The commander of the garrison, Francis, Duke of Guise (who had inherited the title from his father, Claude, in 1550), restores the old fortifications and adds new ones, and from October to December 1552 successfully resists the emperor's attacks.
Henry also annexes the episcopal cities of Toul and ...
...Verdun, which together with Metz form the so-called Three Bishoprics.
Hesse is partitioned at the death of German Landgrave Philip of Hesse, also called Philip the Magnanimous, among his four sons.
Hesse-Kassel goes to William IV, who had participated with his brother-in-law Maurice of Saxony in the princely rebellion of 1552 that had liberated his father from his five-year captivity by the Holy Roman emperor Charles V.
Kassel becomes the capital of Hesse-Kassel, which is the largest, most important, and most northerly of the four new Hesse landgraviates.
Thomas Erastus, born Thomas Lüber in Baden, Switzerland, and a student of philosophy and medicine for nine years, is invited in 1557 by the elector Otto Heinrich of the Palatinate to be professor of therapeutics in the new faculty of medicine at the University of Heidelberg, where he had quickly achieved a favorable reputation as a physician and a teacher.
As a supporter of the church reforms advocated by the Swiss theologian Huldrych Zwingli, Erastus has become closely associated with the introduction of Reformed Protestantism into the Palatinate during the electorate of Frederick III (1559–76).
In debates over the Eucharist, the sacrament deriving from the Lord's Supper, he has defended the Zwinglian view that Christ's body is present in the sacramental bread only symbolically, in contrast to Luther's view that his body is really present.
The central controversy in Erastus' life had come to a head after he had opposed efforts by Calvinists in the Palatinate, notably Caspar Olevianus, to impose the system of church discipline that had been established by John Calvin at Geneva and elsewhere.
When, in 1568, a set of theses had been presented at Heidelberg by the English Puritan George Withers, who had affirmed both the presbyterian system of church government (assemblies of elected representatives) and the practice of excommunication, Erastus had drawn up one hundred theses (later reduced to seventy-five) to refute him.
Erastus maintains that excommunication is unscriptural, that the sacraments should not be withheld from anyone genuinely wishing to receive them, and that in a Christian society—and Erastus explicitly limits his argument in this manner—the punishment of sins is in the hands of the civil magistrates.
Because the Calvinists have the support of the elector, however, the presbyterian system had been established in 1570 by electoral decree.
For his opposition to the new order and also for alleged tendencies away from the doctrine of the Trinity toward Unitarianism, Erastus had been excommunicated for two years.

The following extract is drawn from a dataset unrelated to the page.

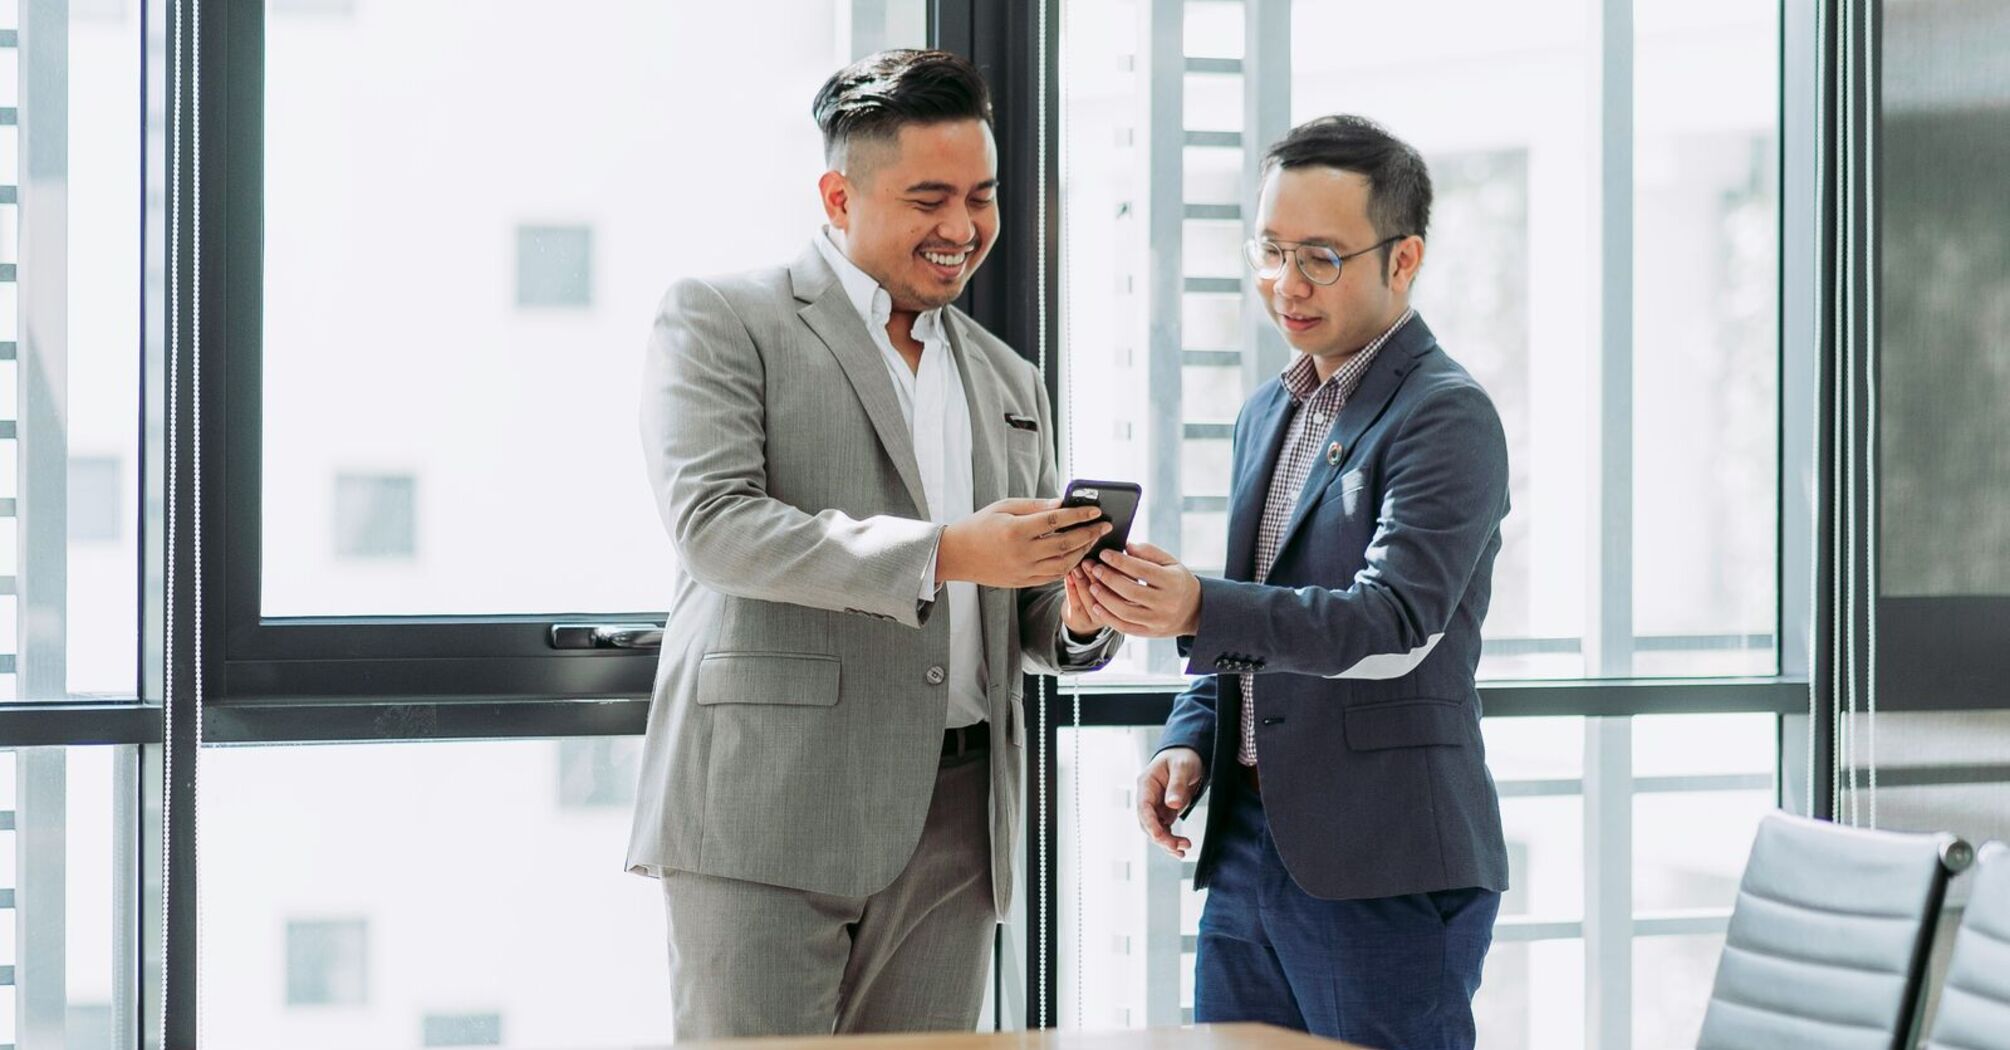 Two men looking at a smartphone in the office

Landgrave Philip II of Hesse-Rheinfels had married Anna Elisabeth of Palatinate-Simmern in 1569, thereby becoming the son-in-law to the Elector Frederick III, one of the leaders of Calvinism.
His territory is absorbed by his elder brother Wilhelm IV, Landgrave of Hesse-Kassel, after Philip dies childless on November 30, 1583.

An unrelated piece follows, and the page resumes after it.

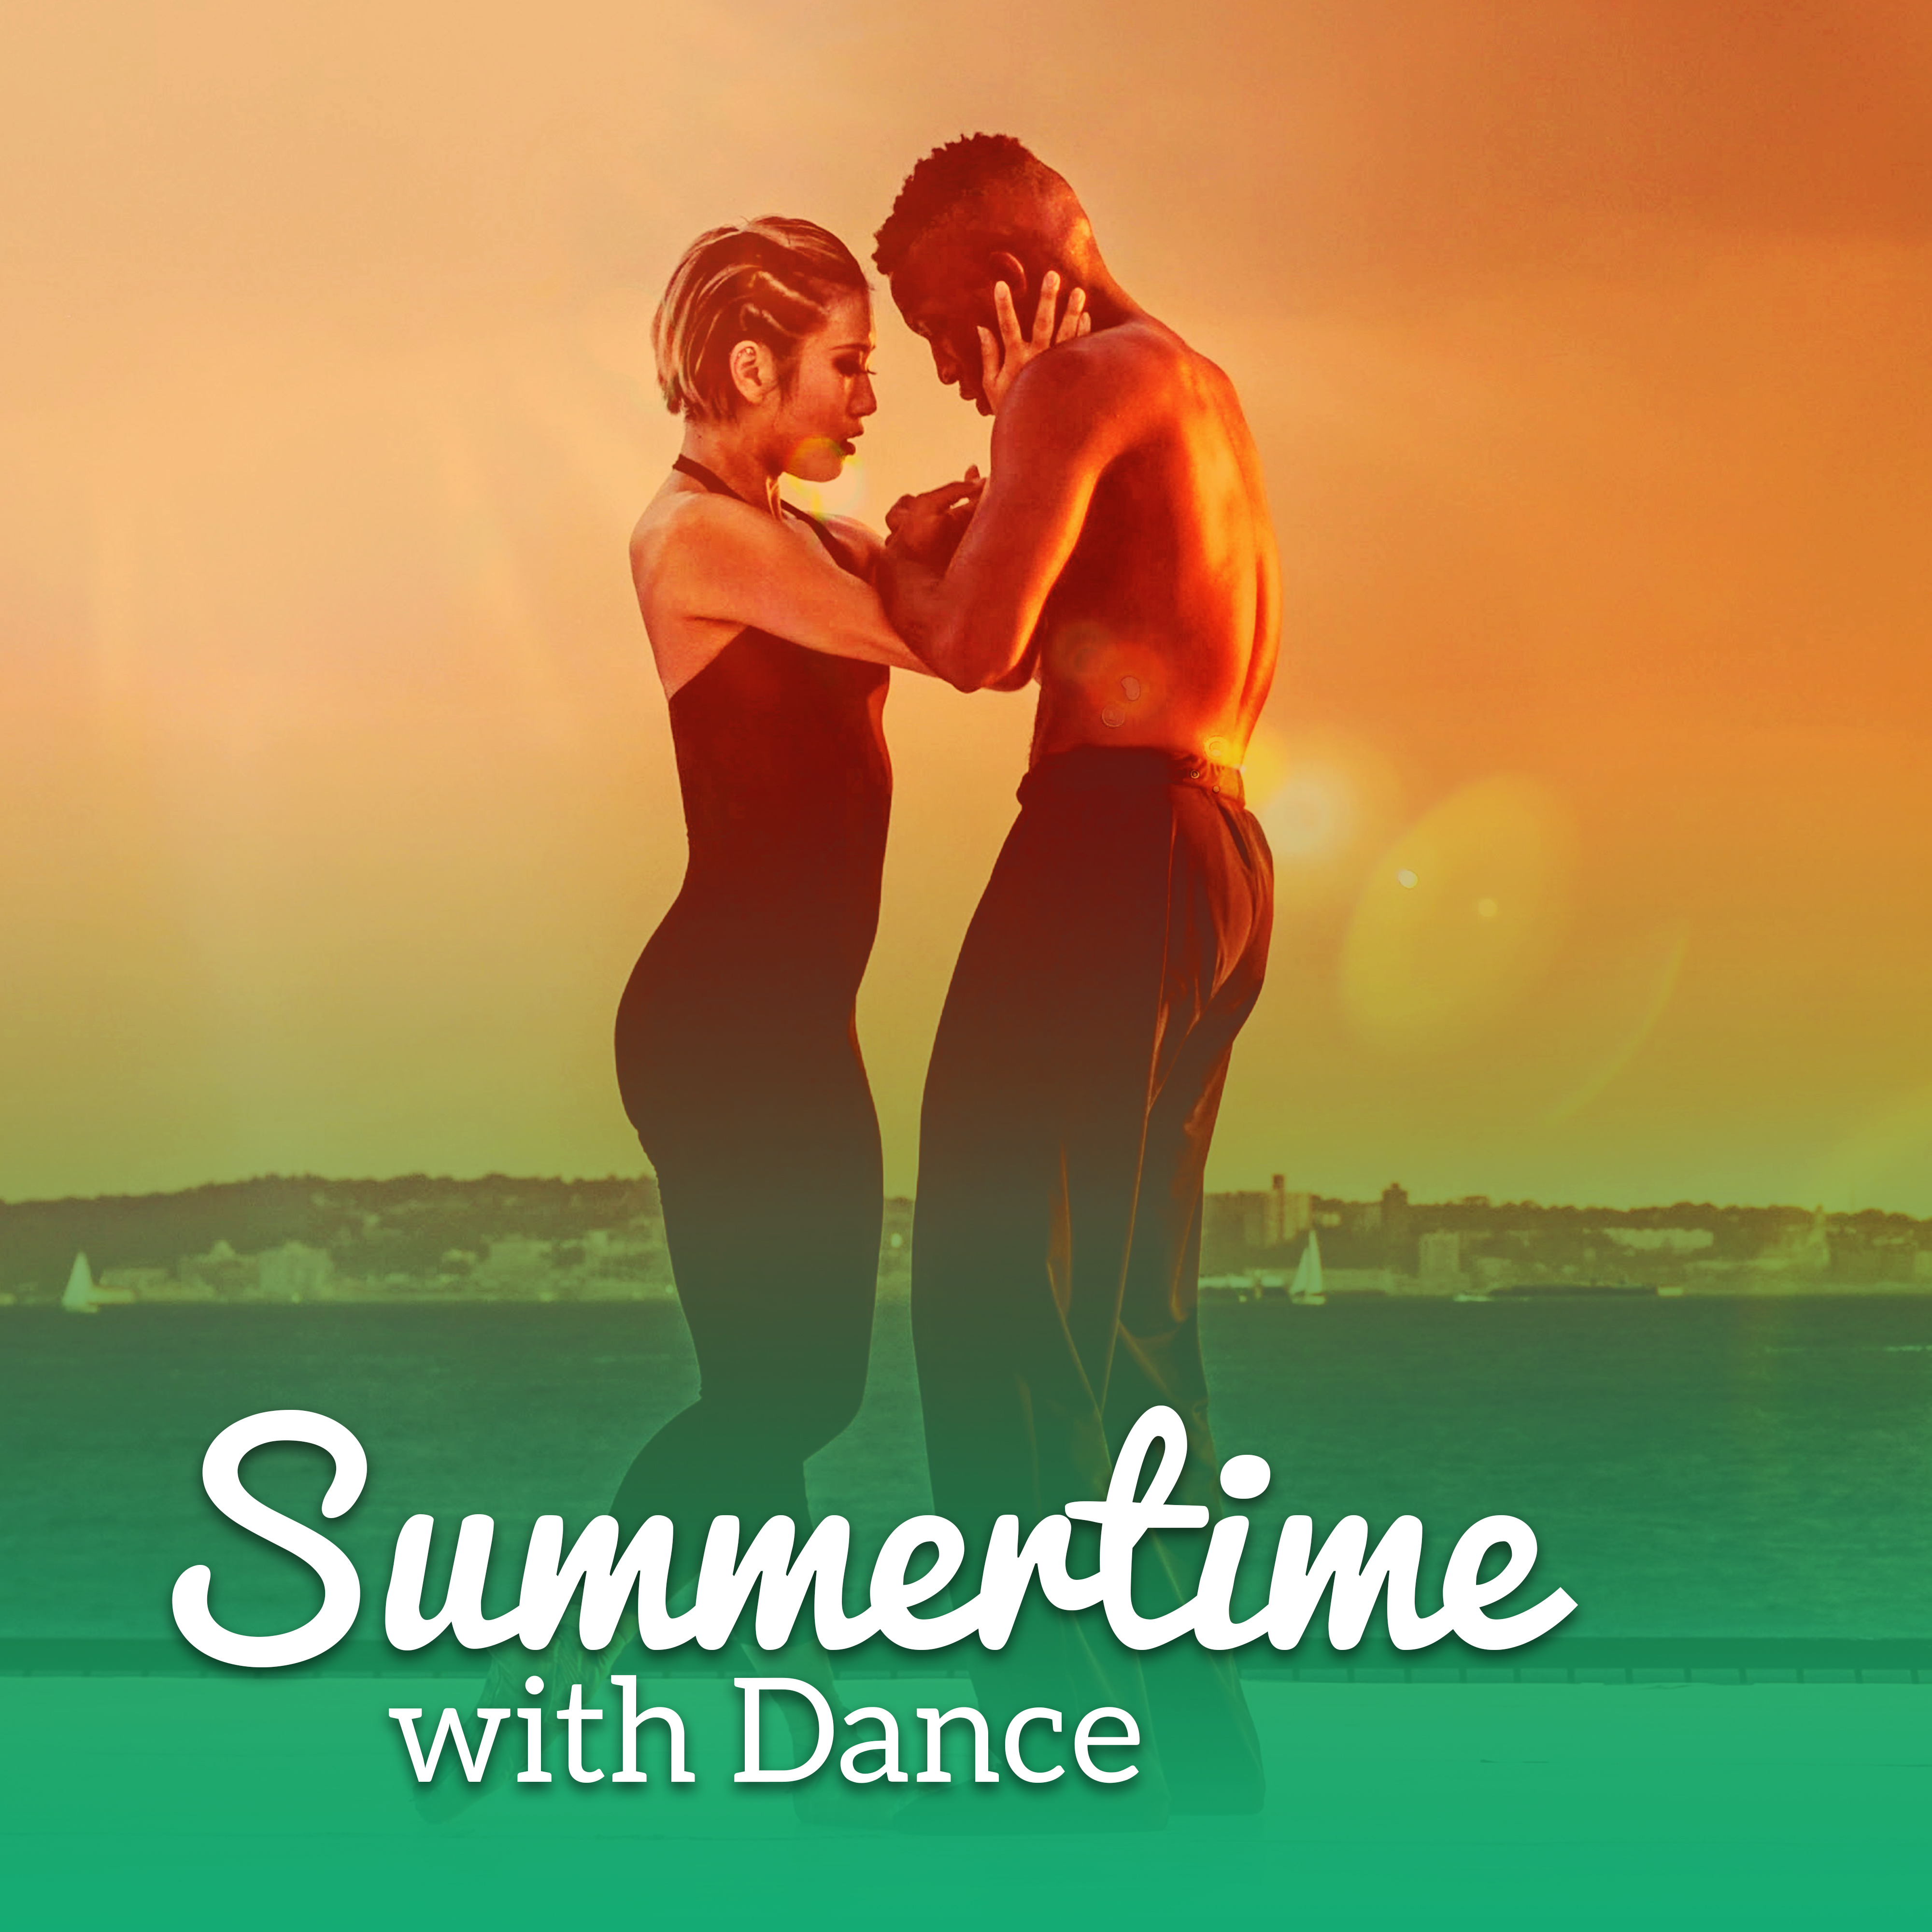 Summertime with Dance – Ibiza Dance Party, Holiday Vibes, Night Sounds, Ibiza Poolside, Bar Chill Out, Colorful Drinks, Dancefloor

He is buried in St. Goar, where Wilhelm erects an imposing Renaissance monument.
William IV, Landgrave (or count) of Hesse-Kassel from 1567, is called “the Wise” because of his accomplishments in political economy and the natural sciences.
The partition of the Hessian lands at that time had left William with little basis for a forceful foreign policy.

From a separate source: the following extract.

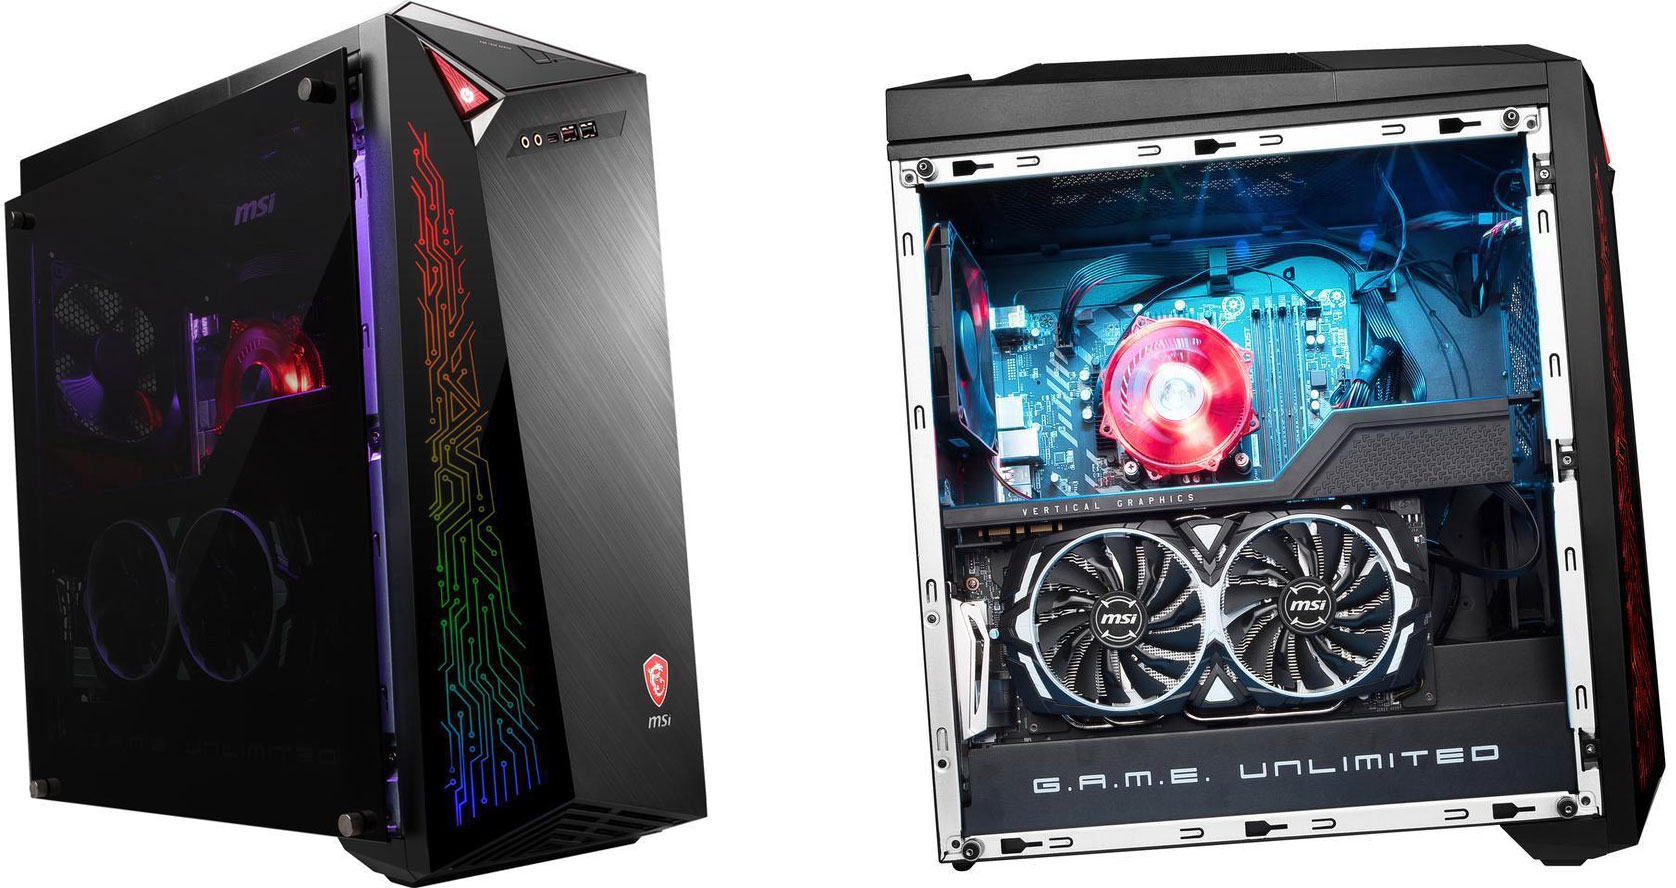 MSI's gaming desktop with a Core i7-8700 and GTX 1070 Ti is on

Domestically, he has sought a compromise between Lutherans and Calvinists.
He is an outstanding organizer and a skilled economist.
The Ökonomische Staat (1585), a territorial survey compiled for him, is a model of administrative statistics.
William also pursues scientific studies and perhaps owes his lasting fame to his research in astronomy.
On friendly terms with the great Danish astronomer Tycho Brahe, he constructs numerous astronomical instruments and calculates many stellar positions.